GUESS THE GRID based on clothing choices: drivers assemble an outfit they’d wear and then everyone else tries to guess who picked what. the catch is that the f1a girls did the same challenge and their answers are mixed in as well. everybody thinks doriane’s mercedes-themed picks are george’s and maya gets confused for charles even though there’s no ferrari branding to be seen. chloe’s picked a haas cap with a black skirt and we watch nico hulkenberg go through every emotion known to man trying to figure out why kevin would—???
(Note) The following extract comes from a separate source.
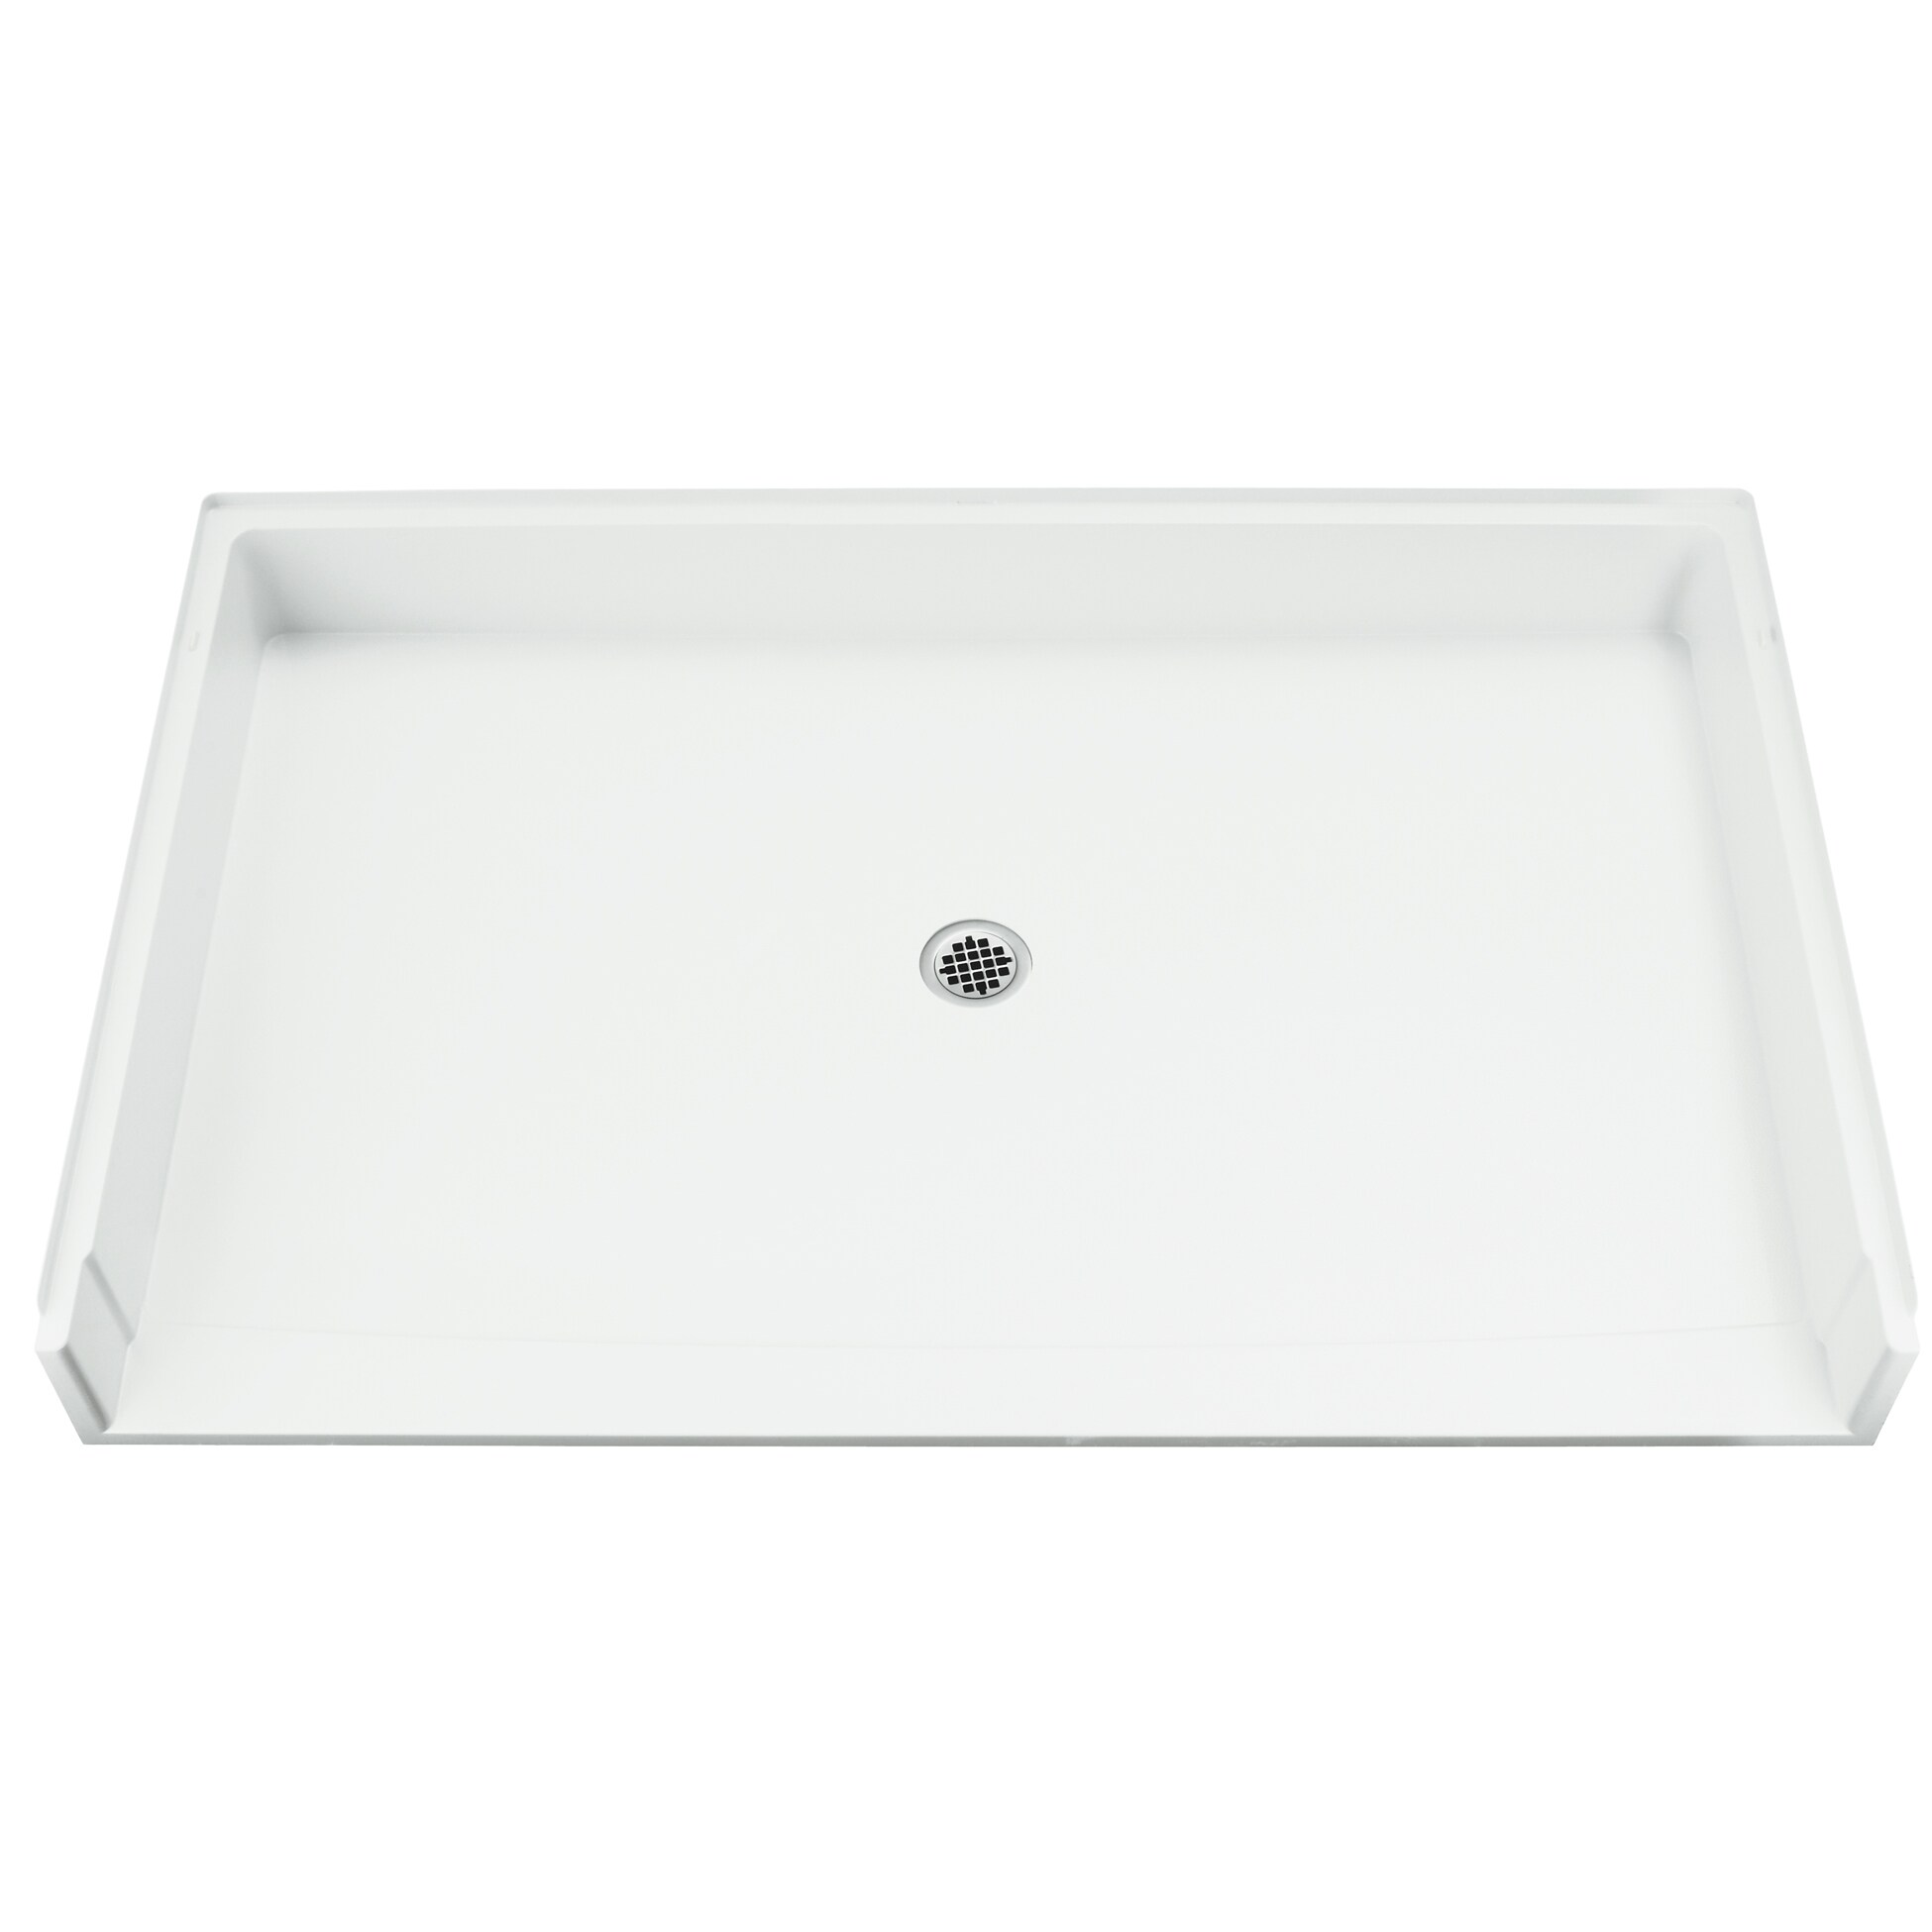 Sterling Roll-in White Single Threshold Shower Receptor

(meanwhile the academy grid is absolutely ripping everybody’s style choices to shreds, accusing hamda of being the most basic bitch on the planet bc max chose to wear basketball shorts, etc)
PADDOCK SCAVENGER HUNT
5 teams are in on it and the other 5 can’t know what’s going on, otherwise they lose points. charles pretends that he’s too tired to walk when pierre catches him searching the top of a cabinet on carlos’ shoulders. oscar distracts williams while lando tries to get a picture of logan with red, white and blue objects in the background. yuki gets stranded on top of the rbr motorhome because daniel won’t stop using him for reconnaissance and the whole thing gets called off because max sees them squabbling on the roof and thinks the rapture has arrived.
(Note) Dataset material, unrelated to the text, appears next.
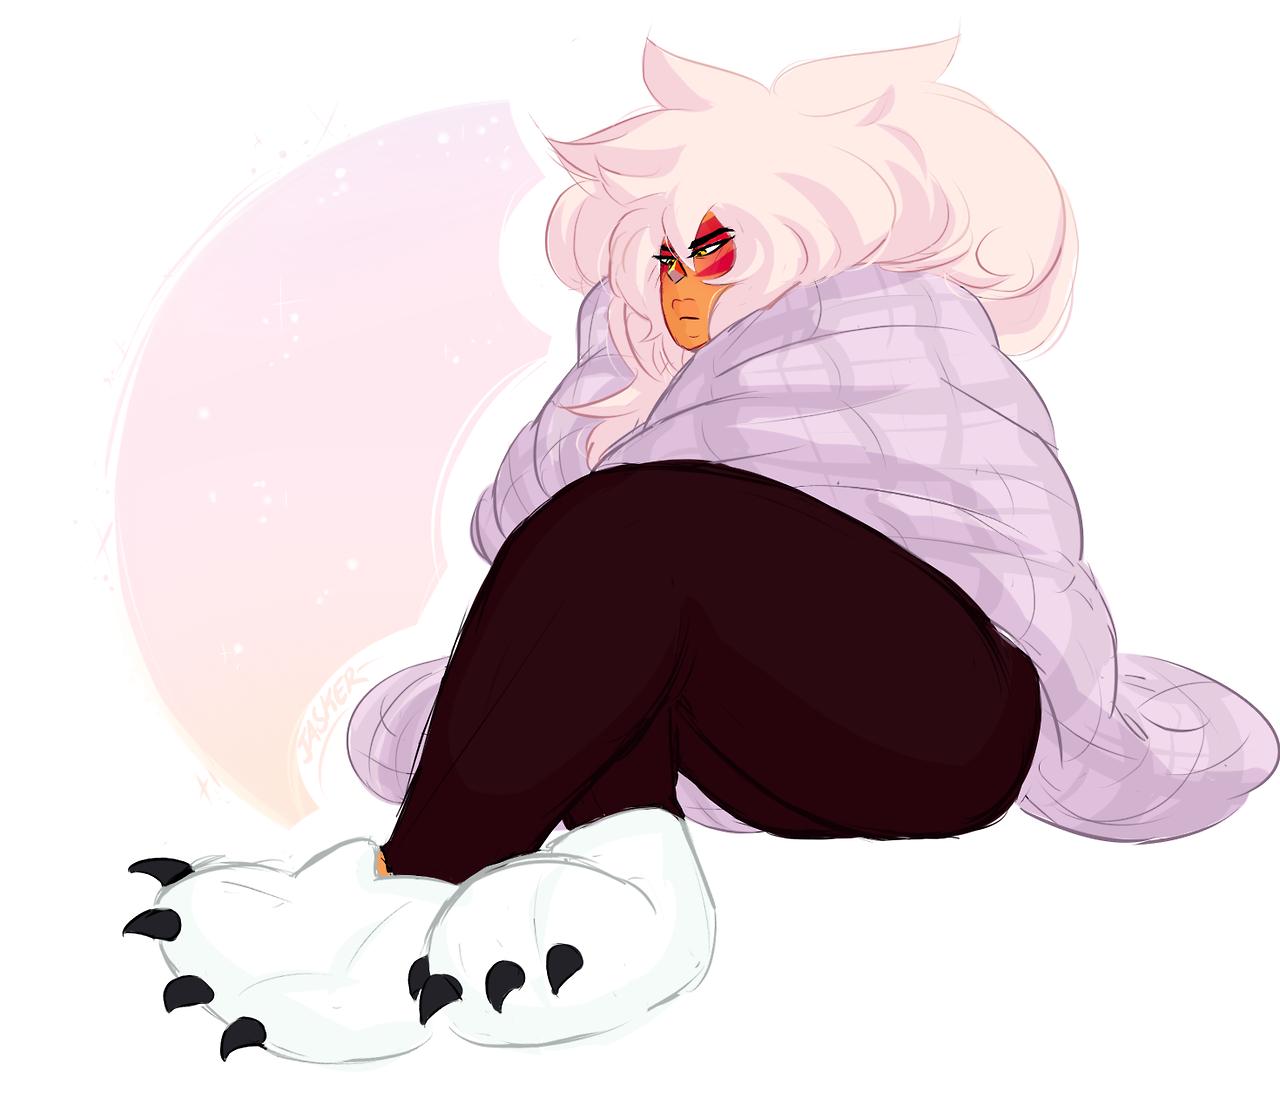 gets fuzzy novelty slippers at walmart immediately draws jasper in them

GEORGE AND ALEX MAKE GRAPHICS
ib george’s natural talent for graphic design. the audience gets to see what a communications team actually does in motorsport (educational!) and george and alex get free reign of the entire library of press photos of eachother. george is hunting for a terrible picture of alex to edit onto a podium but ends up having a very verbal crisis about how none of the pap shots are appropriately bad and then spends the next half an hour digging himself into theeee deepest hole talking about how it’s just not as FUNNY if alex looks TOO GOOD on the podium! it would be UNFAIR! alex is squirming and trying to remember where tf he was planning on going with this zoomed-in great-gatsby-esque picture of george’s eyelids on his screen right now. george silently edits alex’s teeth out of his mouth and tries to erase the fact that he just called alex handsome like 47 times.
MARIO KART SIM RACING
im talking full immersion. sherbet land is ice fucking cold. every time they drive over some kind of giant clock or railroad or something the sim porpoises like a jackhammer. someone is standing behind them with a full tank of water for the splash sections. there’s a legitimate epilepsy warning at the start of the video. bowser puts the fear of god into lando norris.
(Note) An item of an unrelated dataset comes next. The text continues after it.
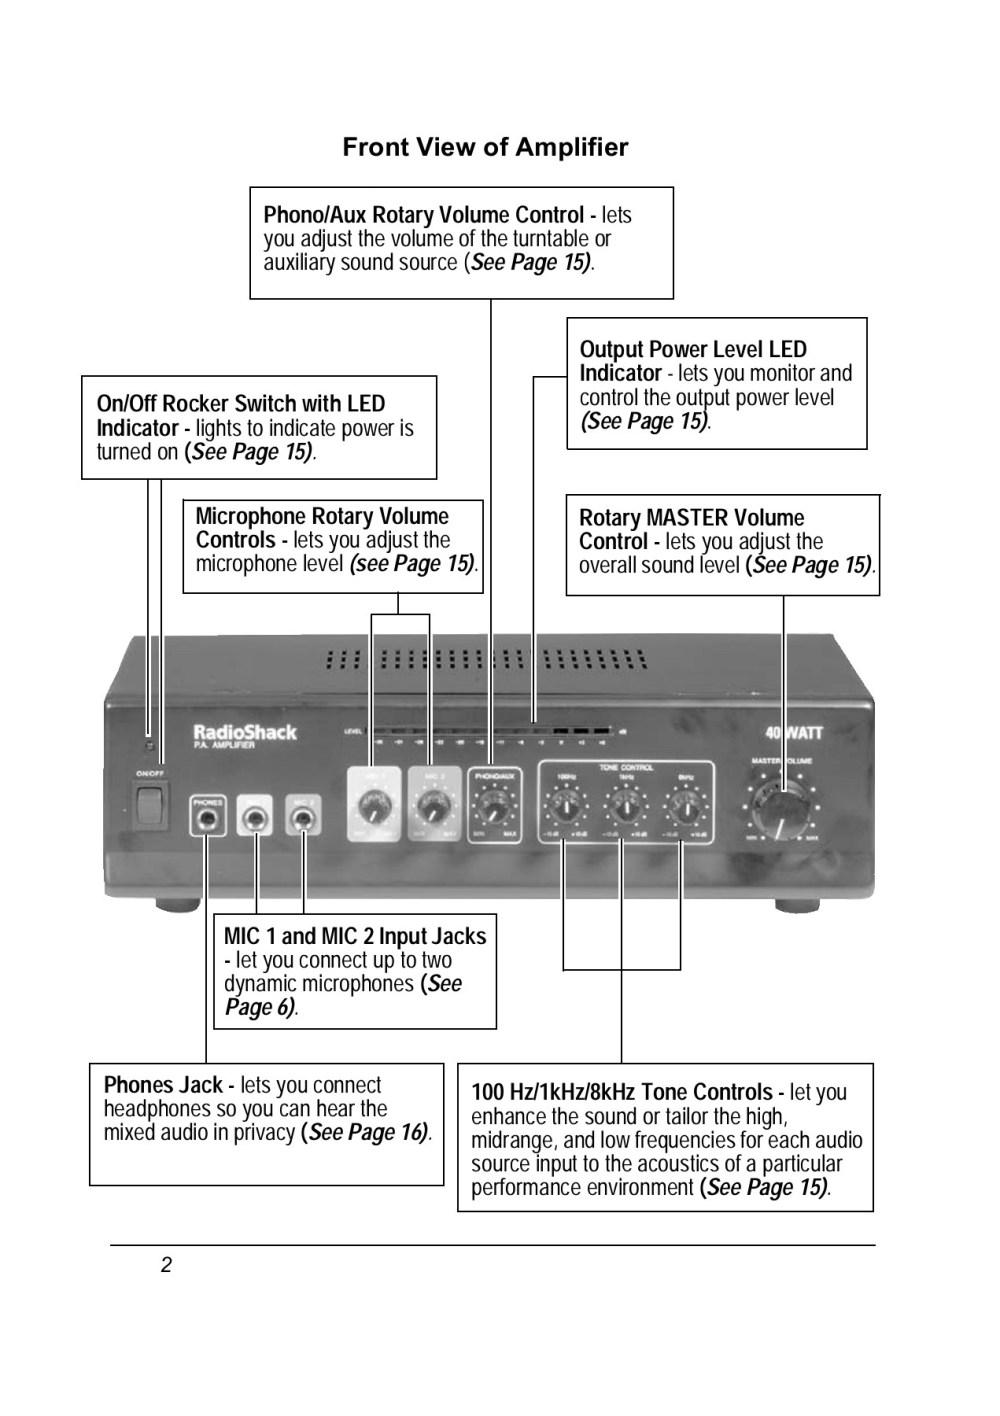 medium resolution of radio shack pa manual 3202054 pm en pages 1 20 text version anyflip

MAX AND DANIEL DO TEMPORARY TATTOOS
i’m hesitant to allow them access to a bowl of water but i have an extremely clear vision of daniel slapping tats all over the blank spaces on his skin to the point where they overlap and he’s just got shiny plasticky tattoo skin everywhere. max would find this unappealing and also stupid until he realizes all the fake tattoos on his side of the table are replicas of daniel’s actual ones. cut to: daniel with a snake tattoo stuck in his eyebrow hairs hiking his shorts up so max can mirror the placement on his own inner thigh. daniel resembling a concussed post malone, watching max’s careful application of the ‘3’ tattoo. max does a horrible aussie accent and daniel looks like a chimpanzee seeing its own reflection for the first time. cinema.